Knowing The Signal Classes Greatly Simplifies Spectrum Analysis

Nov. 6, 2000
Learn how to optimize the spectrum analyzer settings for each of the three basic common-factor signal classes.

Spectrum analysis consists of a wide variety of applications and measurements. Each involves a different set of procedure and measurement sequences. For example, what users must do to determine the occupied spectrum width for a digitally modulated QAM signal differs from the procedure for finding the total harmonic distortion of an oscillator, the percentage modulation for an amplitude modulated signal, the level of EMI emissions for regulatory compliance purposes, and the pulse desensitization factor of a pulsed radar signal. There's literally no end to the list that one can invent.

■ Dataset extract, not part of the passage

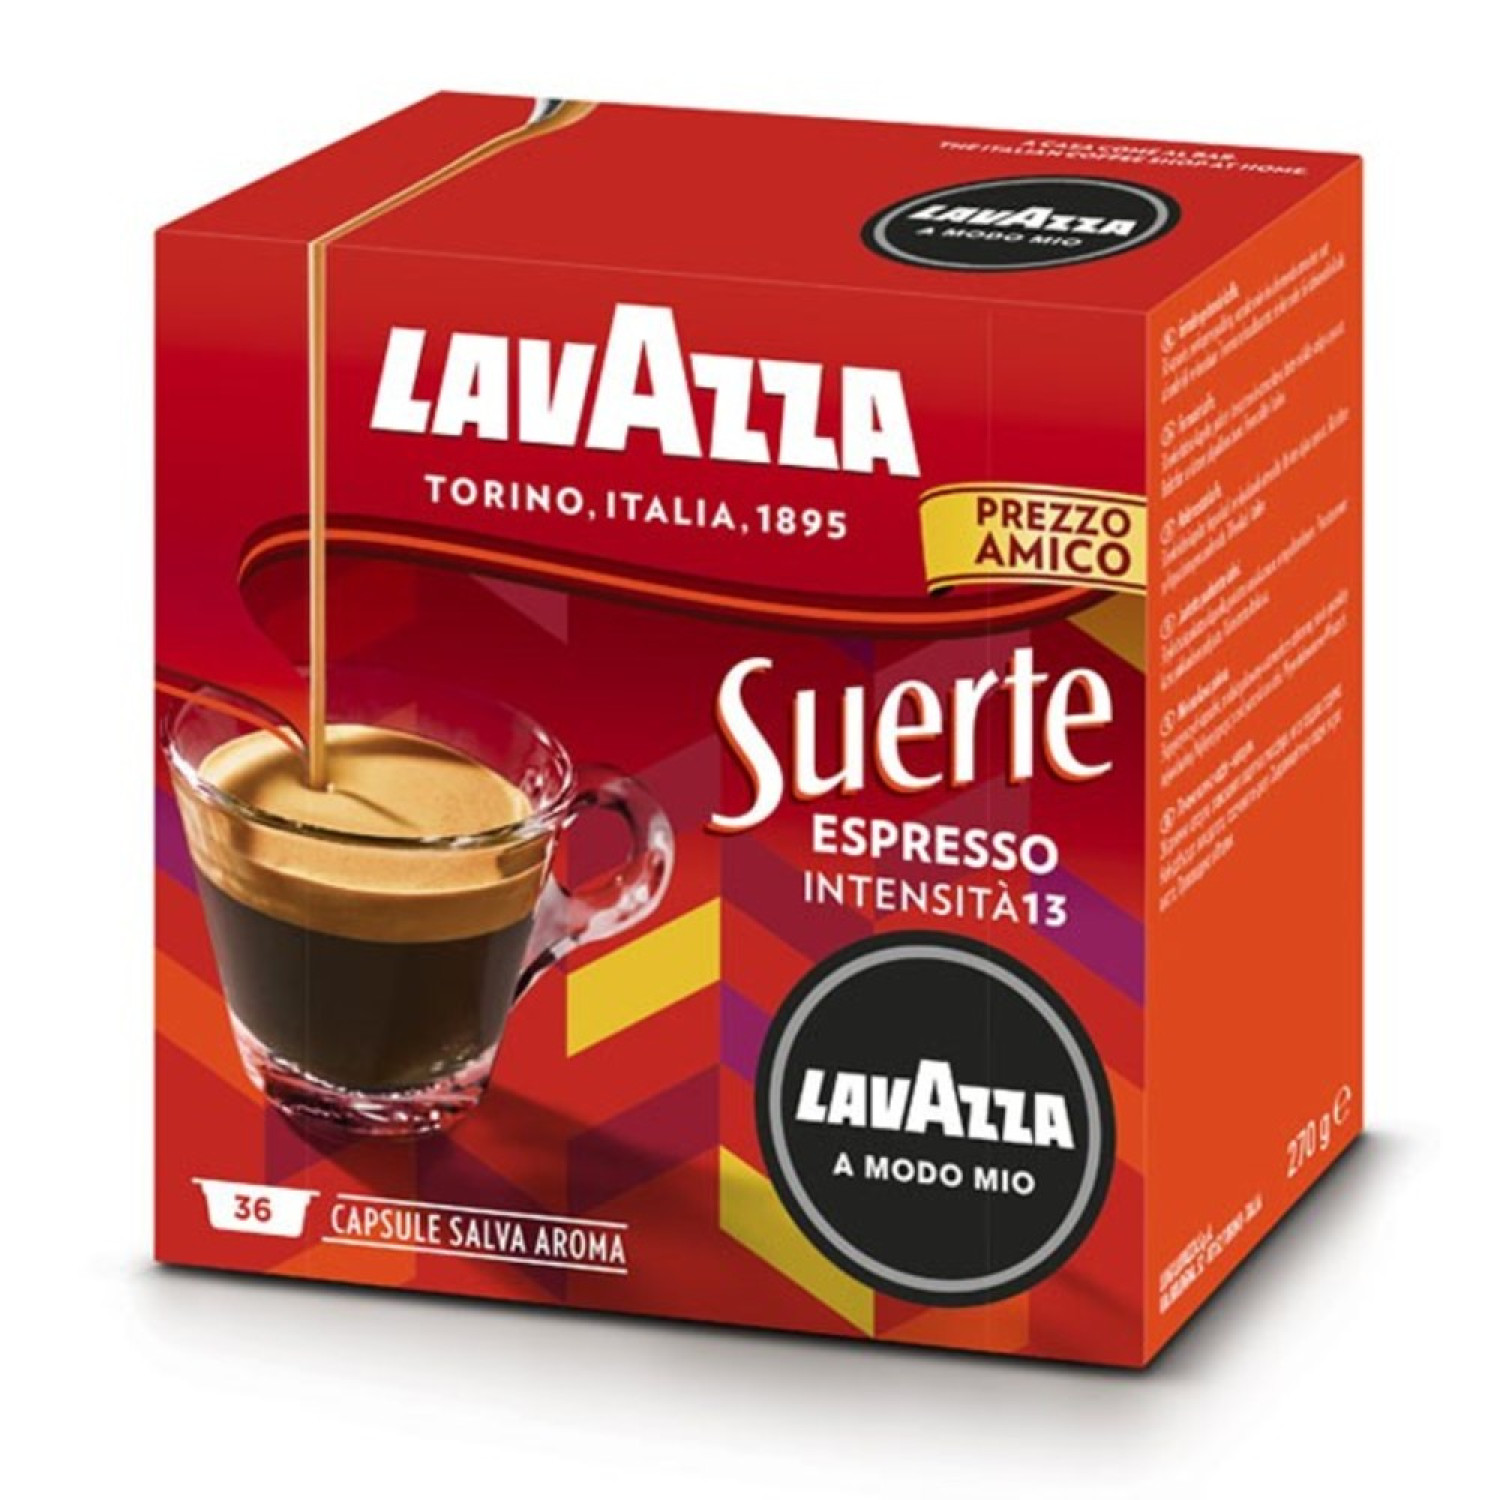 CAPSULE CAFFE' LAVAZZA 8890 SUERTE 36 CAPSAMM

But, this seemingly endless list of applications and associated measurement needs can be greatly reduced by grouping signals into common-factor classes. There are only three basic classes into which all signals fall. Understanding what these classes are, and how to optimize the spectrum analyzer settings for each signal class, will significantly simplify the measurement process. Before beginning a discussion of signal classes, though, we need to examine the basic spectrum analyzer functions that interact with these signals.

The basic signal-processing elements of a spectrum analyzer include a mixer, bandpass filter, envelope detector, low-pass filter, and peak detectors (Fig. 1). The diagram is condensed to show only the essential aspects of the elements being discussed. Some important elements are omitted, such as preselection and logarithmic amplification.

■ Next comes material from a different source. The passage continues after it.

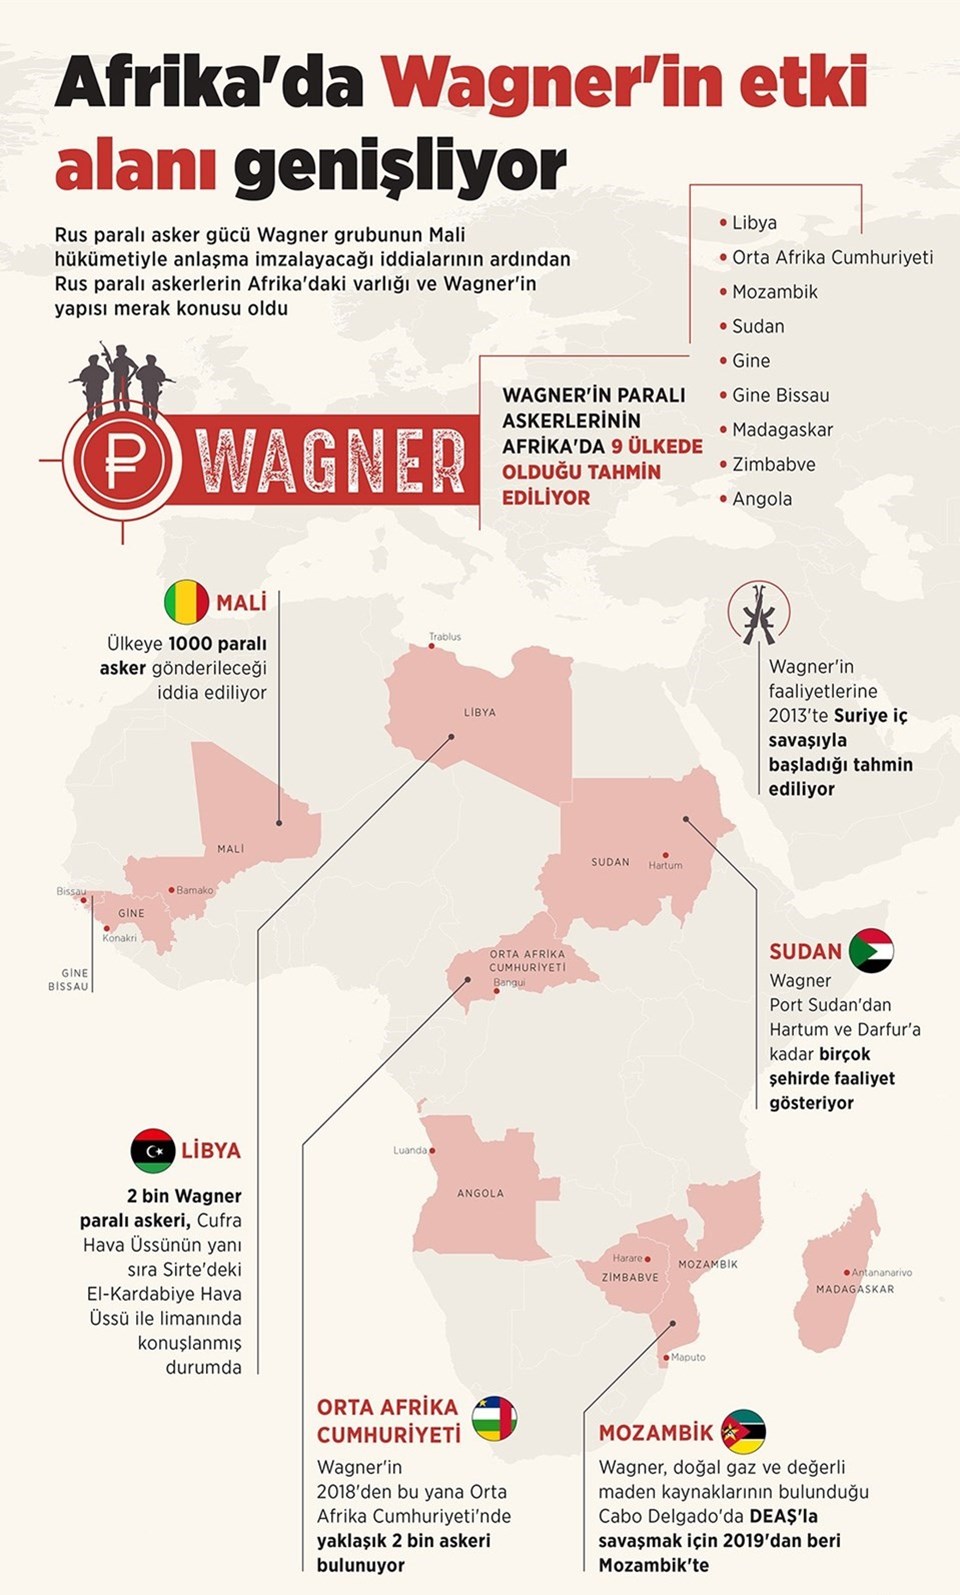 Rusya'nın gönüllülerden oluştuğu iddia edilen Wagner grubunun faaliyet gösterdiği ülkeler.

The system in Figure 1 is a specialized version of the standard superheterodyne RF receiver. Such a receiver is recognized by the mixer whose function is to bring the incoming signal frequency into the passband of an intermediate frequency (IF) amplifier. Signal conditioning and signal processing take place there. Known as the resolution filter, the IF amplifier in the spectrum analyzer has a variable bandwidth that's called the resolution bandwidth (Br).

Next to center frequency, the resolution bandwidth control is possibly the most prominent function of the spectrum analyzer. The chosen setting of the Br has an important, and sometimes essential, impact on measurement results, depending on the signal class involved. This will be discussed in the signal class section of this article.

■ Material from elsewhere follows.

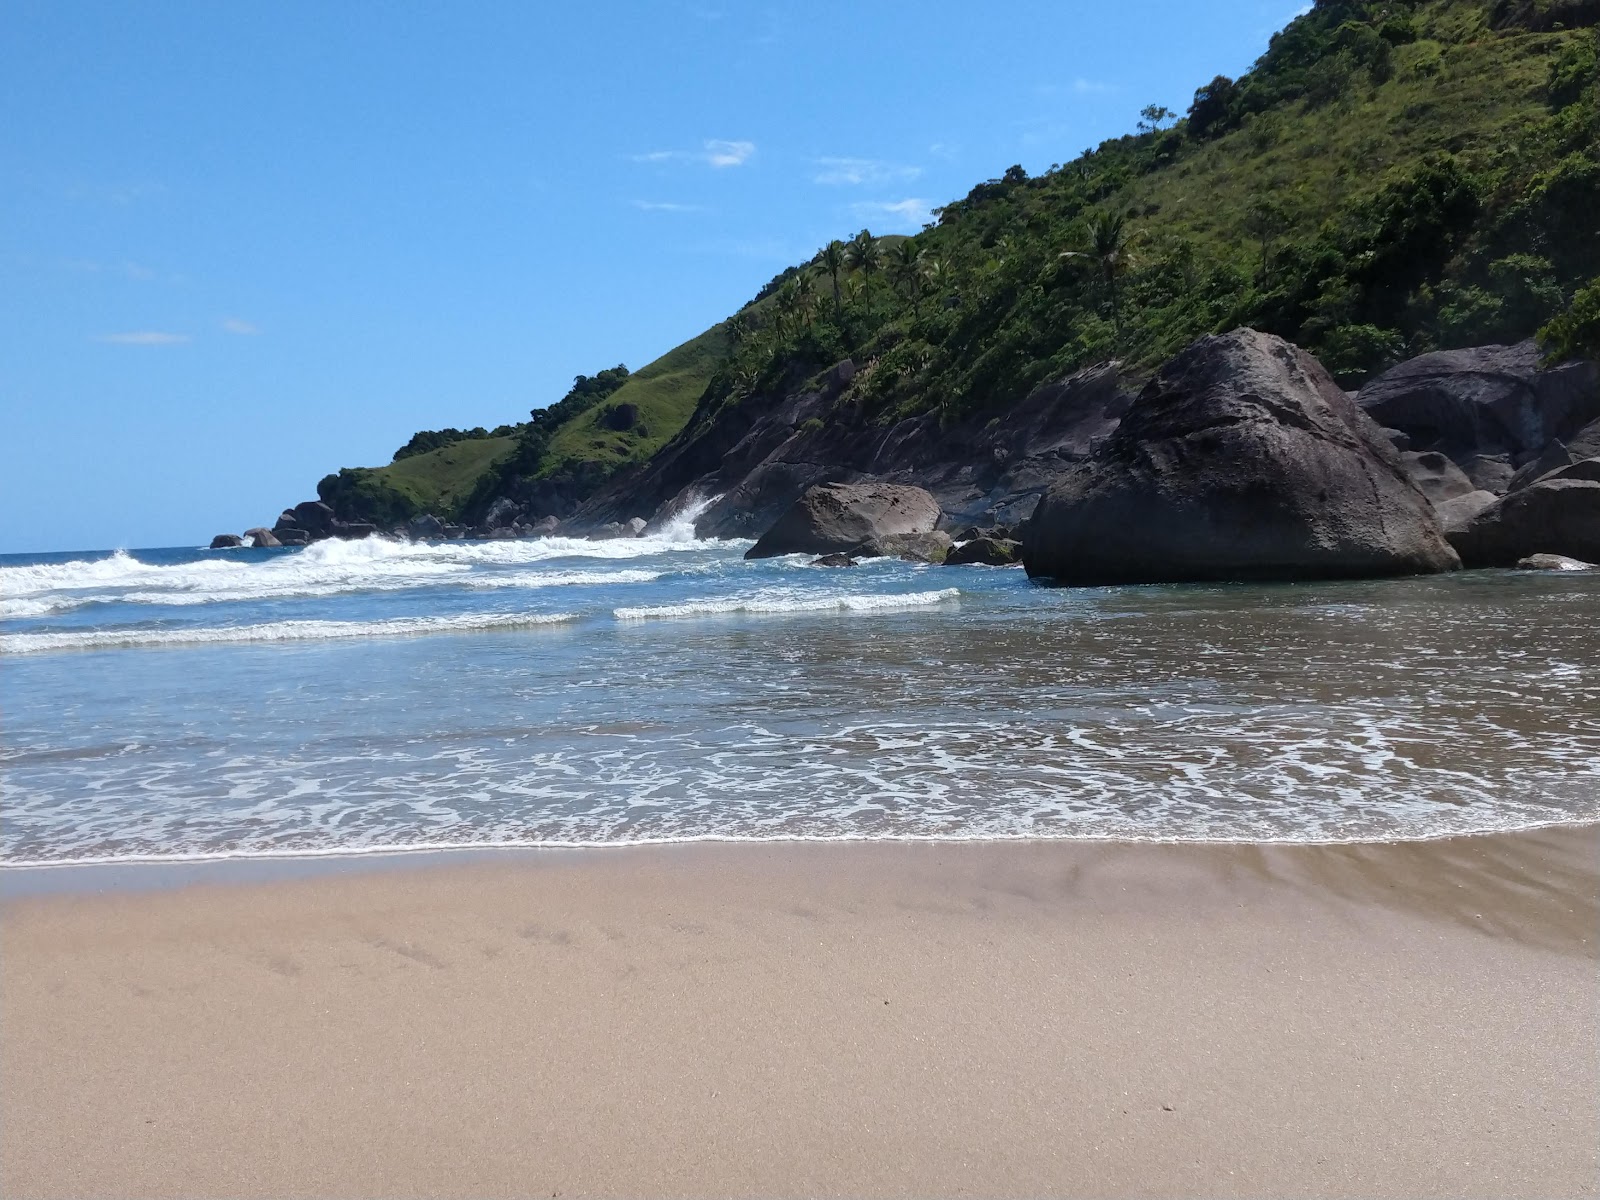 Fotografie cu Praia do Bonete sprijinit de stânci

Additionally, the spectrum analyzer has another variable-bandwidth filter, known as the video filter (Bv). This is a confusing name, but we're stuck with it for historical standardization reasons. A more descriptive name would be post-detection filter. By contrast, the resolution filter would then be a pre-detection filter. Identification of location, as before and after a detector, clarifies the function of these filters and what they do to the signal.

The detector intervening between these filters is termed an envelope detector. Its purpose is to detect the envelope (the outer outline) of the output from the IF amplifier, or resolution bandwidth filter. It's immediately apparent that the resolution circuit acts upon the incoming signal, while the video circuit acts upon the detected envelope of the signal.

This type of post-detection filter is equivalent to an arithmetical averaging function. Furthermore, the averaging isn't of the signal, but the envelope of the spectrum. Any application that needs an average will call for a narrow Bv, while those that shouldn't be averaged require a wide Bv.

The final important factor in this discussion is the choice of detector functions. Many spectrum analyzers have additional detector functions. But we are interested in just two of these, the positive peak envelope detector (Dp) and the negative peak envelope detector (Dn). The default turn-on of the spectrum analyzer has both detectors on. About 70% of the time, the negative detector doesn't provide any useful information. Still, having this detector actuated will only rarely cause any harm. So, having both detectors on is the usual default, although turning the negative detector off also is normally acceptable. Yet it isn't typically acceptable to turn the positive detector off. That's a very rare situation, perhaps occurring 1% or 2% of the time at most. This situation calls for a measurement involving only the negative detector.

A summary of the likelihood of needing these detectors follows. There must be Dp about 98% of the time. Both detectors are required around 30% of the time. A Dn-only situation occurs about 2% of the time. Finally, around 70% of the time, it makes no difference whether the Dn is on or off.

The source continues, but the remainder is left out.